WHAT IS REQUIRED: Beginning at the line that contains "A 14-year-old boy", output each line exactly through the end of the records, and drop any pictures.

RECORDS SHOWN:
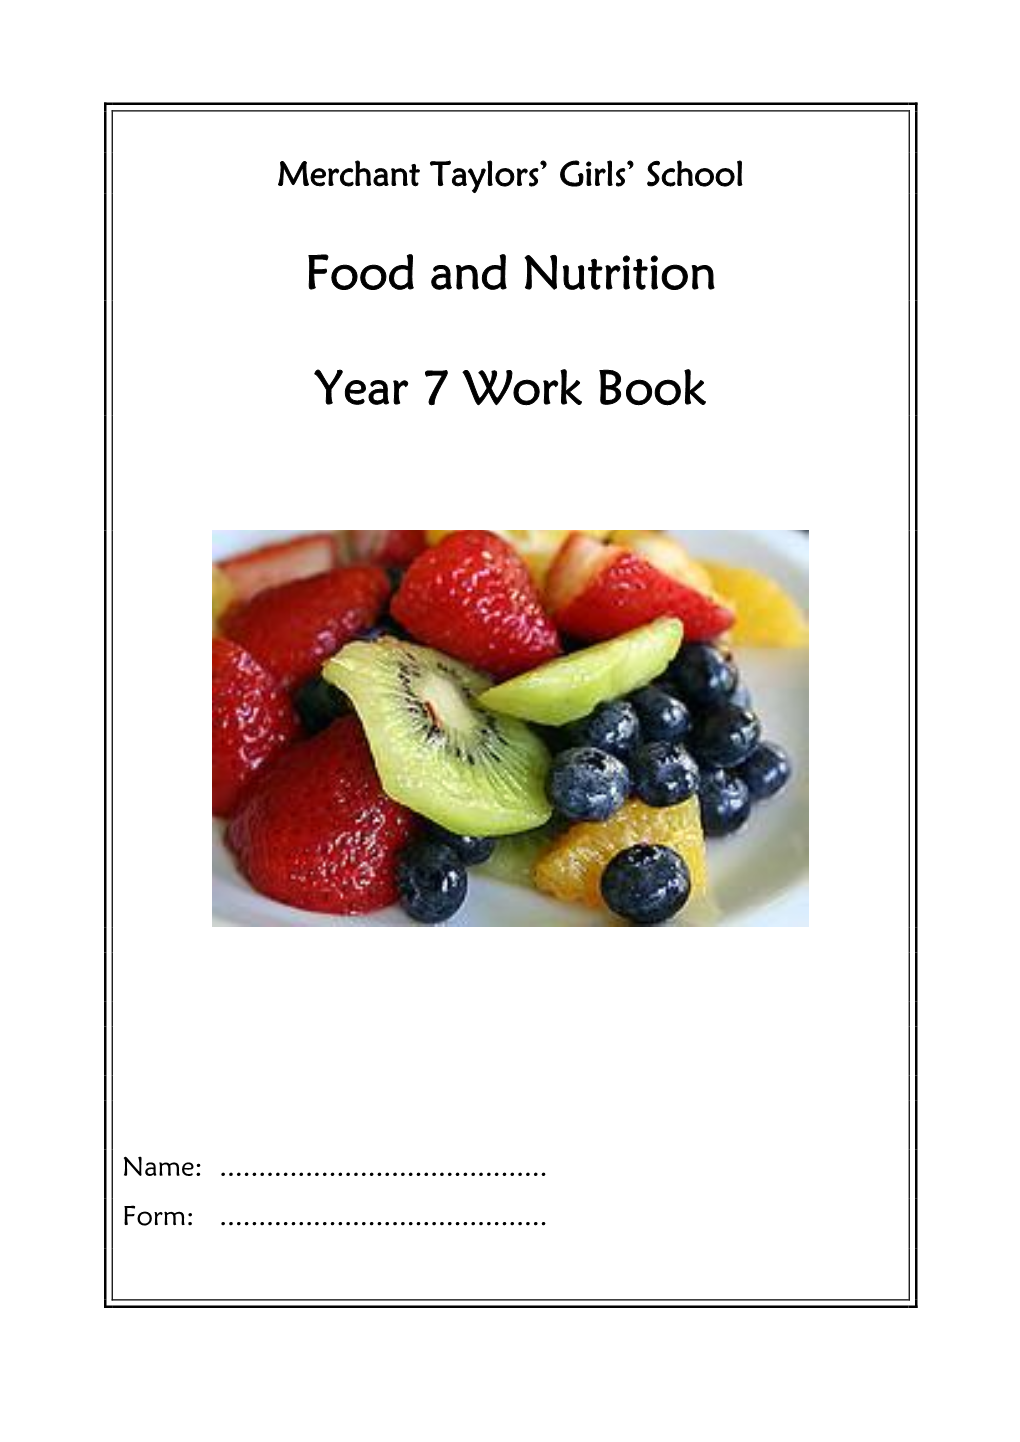 Food and Nutrition Year 7 Work Book
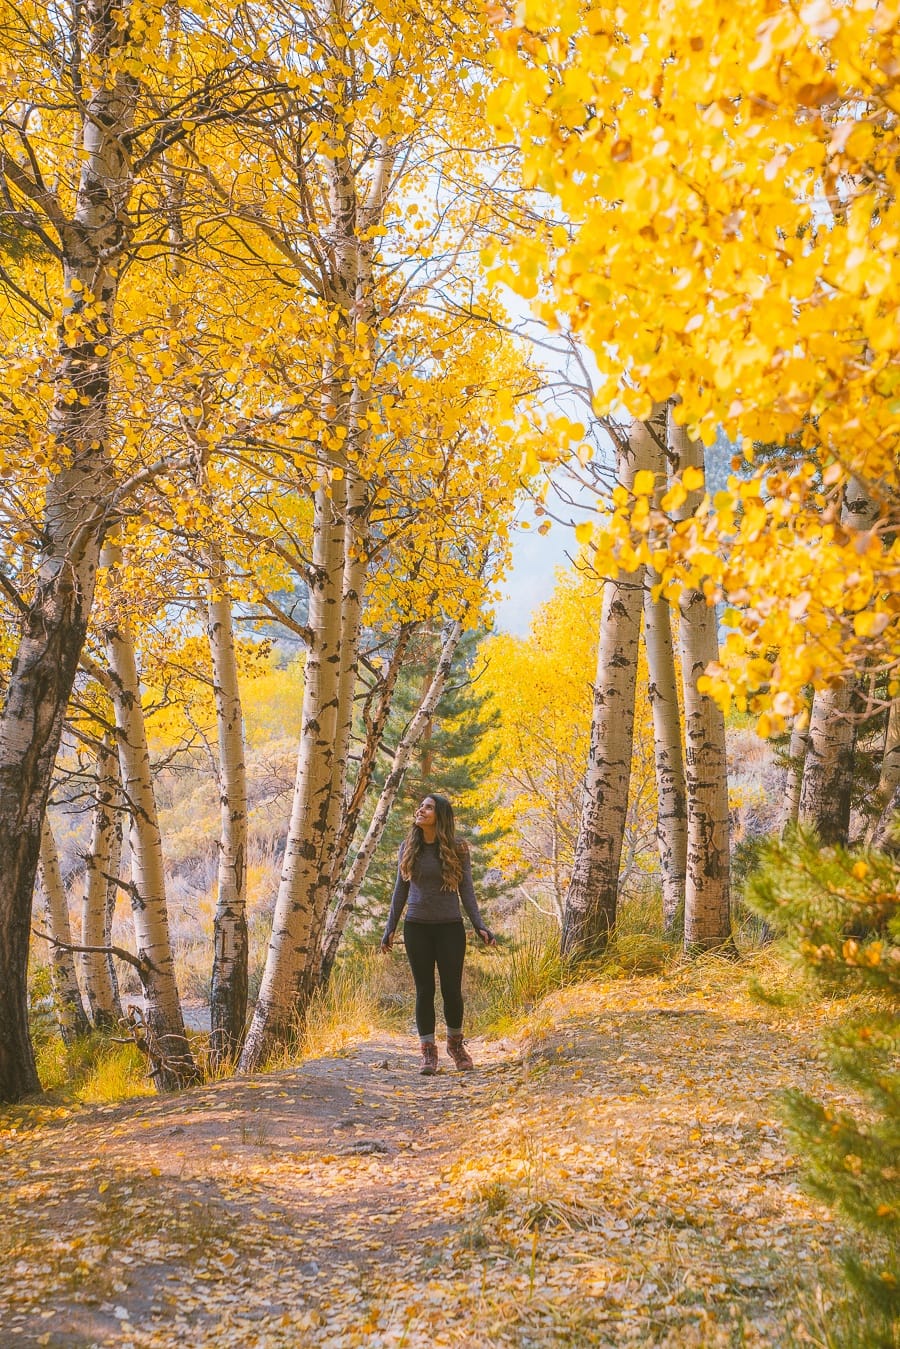 How We Dress for Fall Outdoor Hiking - Explore More Clean Less
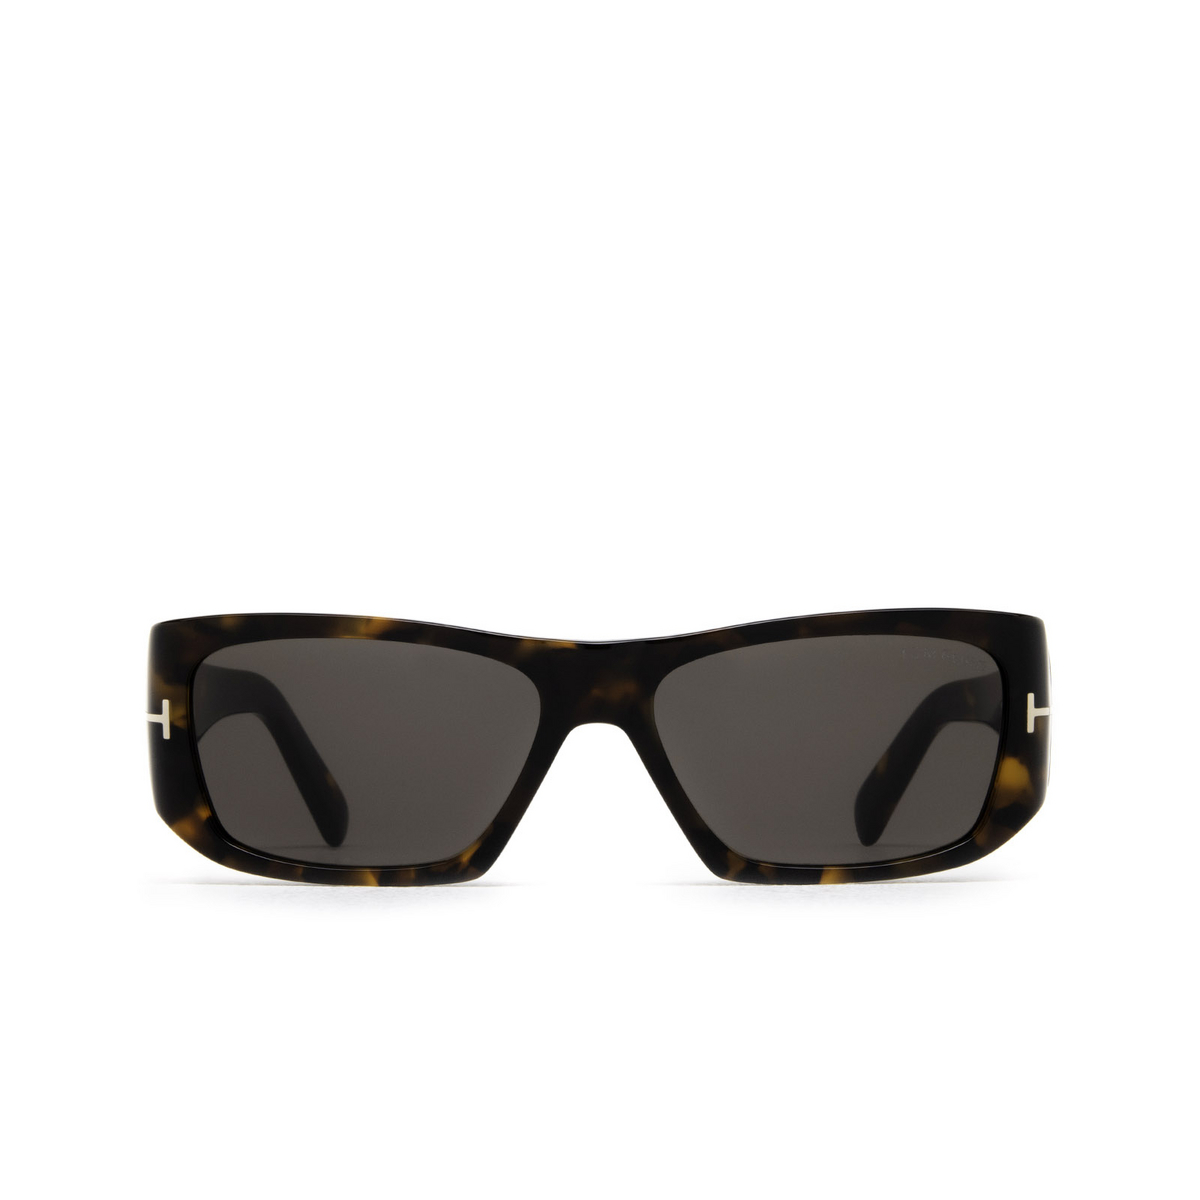 Tom Ford ANDRES-02 Sunglasses 52A Dark Havana - front view
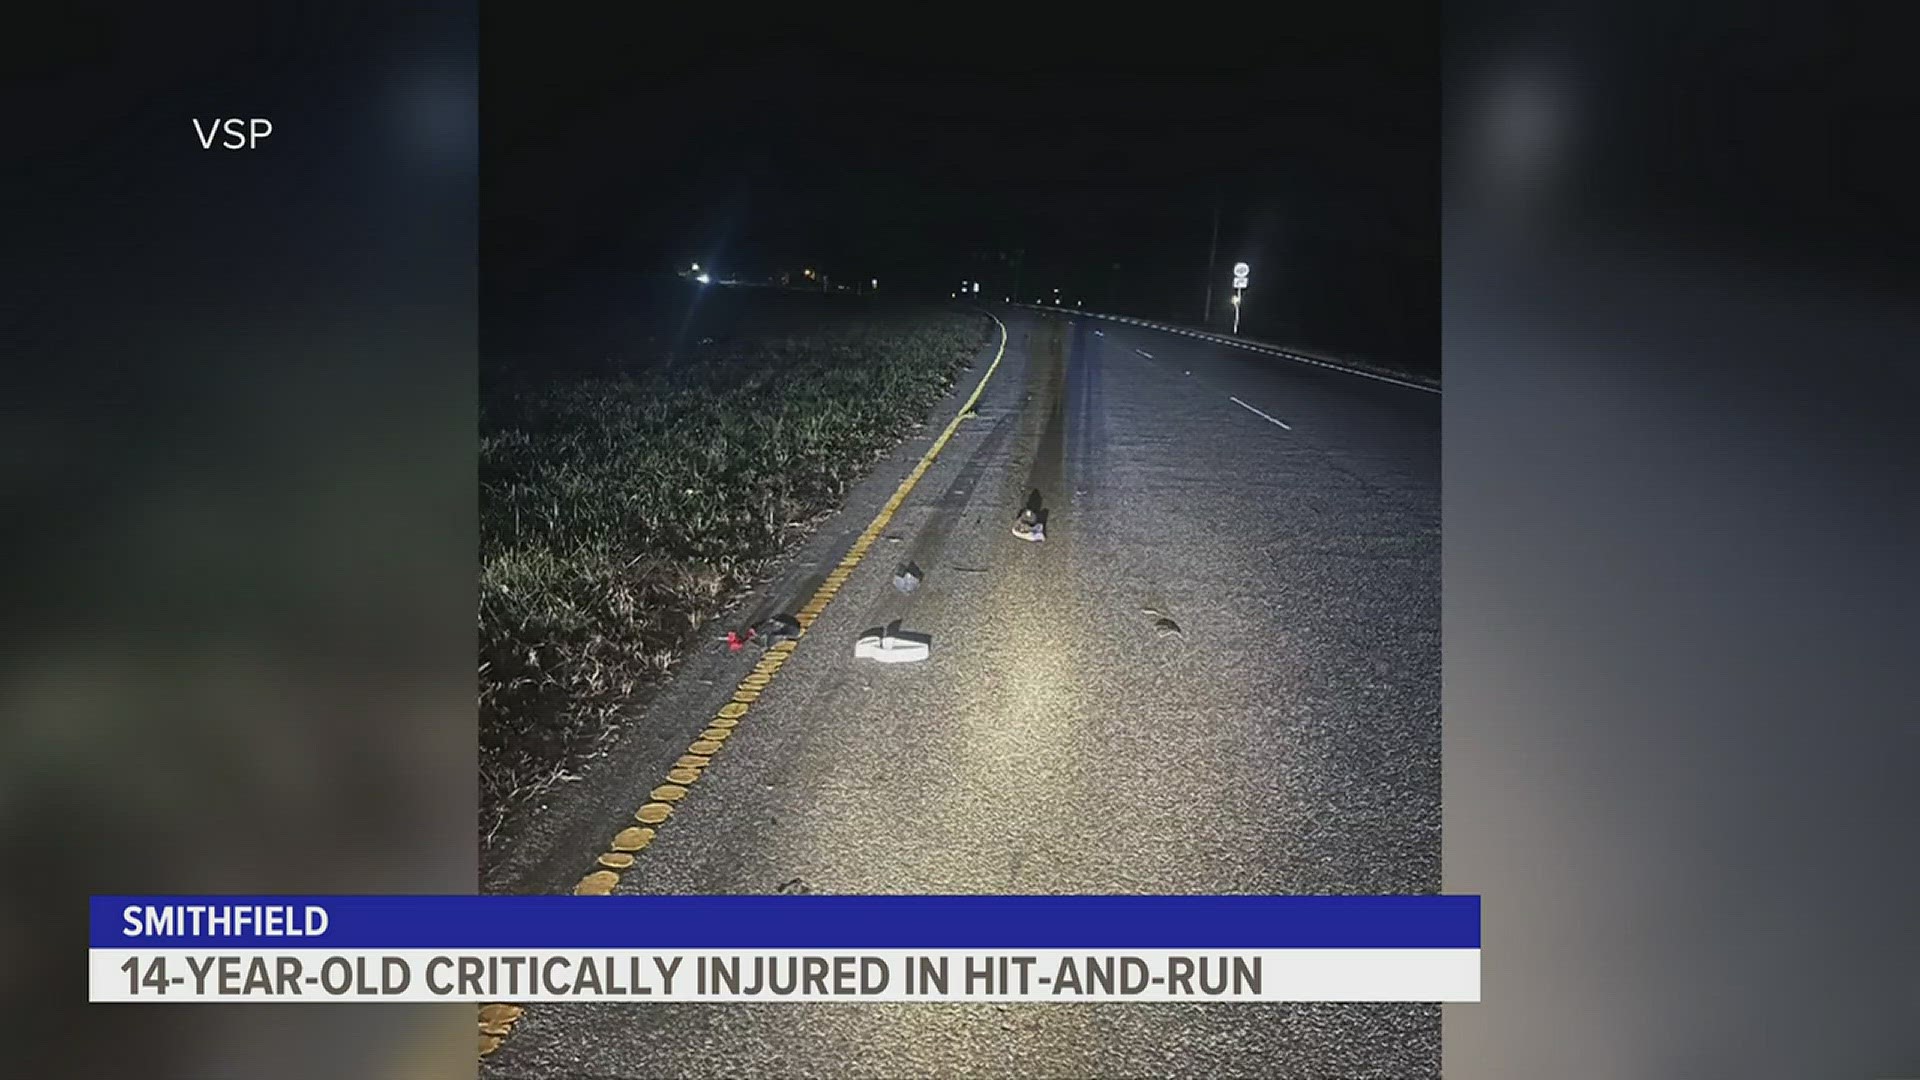 A 14-year-old boy is fighting for his life after someone struck him with a car and fled the scene in Isle of Wight County early Saturday morning.
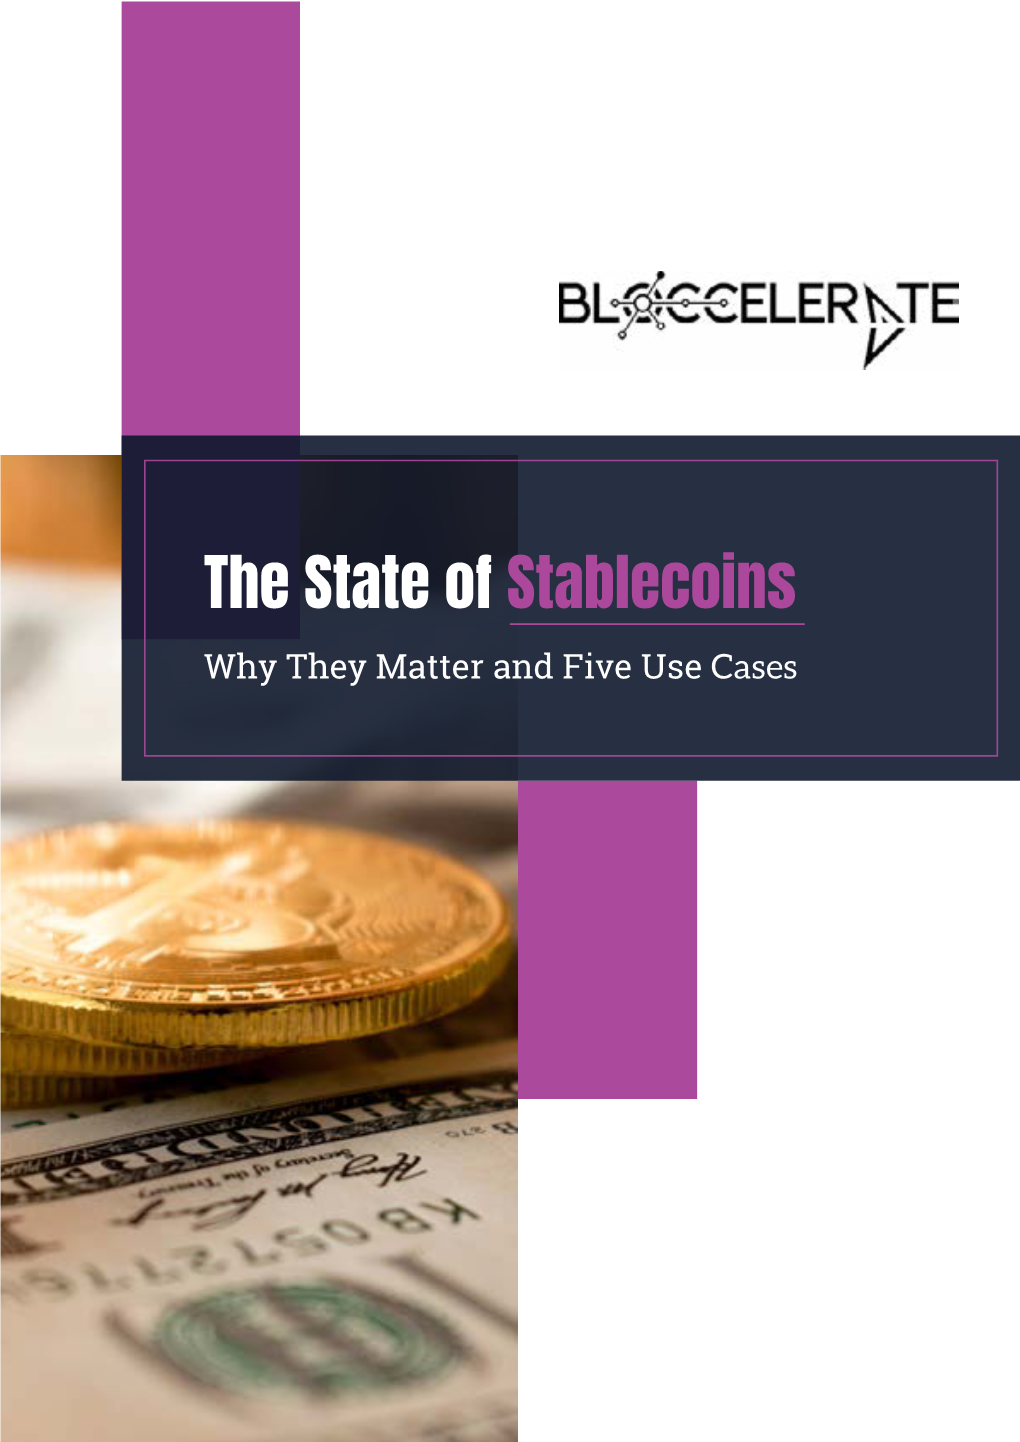 The State of Stablecoins Why They Matter and Five Use Cases the State of Stablecoins - Why They Matter and Five Use Cases Robert Lin & Mark Conrad

RESPONSE BELOW:
 A 14-year-old boy is fighting for his life after someone struck him with a car and fled the scene in Isle of Wight County early Saturday morning.
 The State of Stablecoins Why They Matter and Five Use Cases the State of Stablecoins - Why They Matter and Five Use Cases Robert Lin & Mark Conrad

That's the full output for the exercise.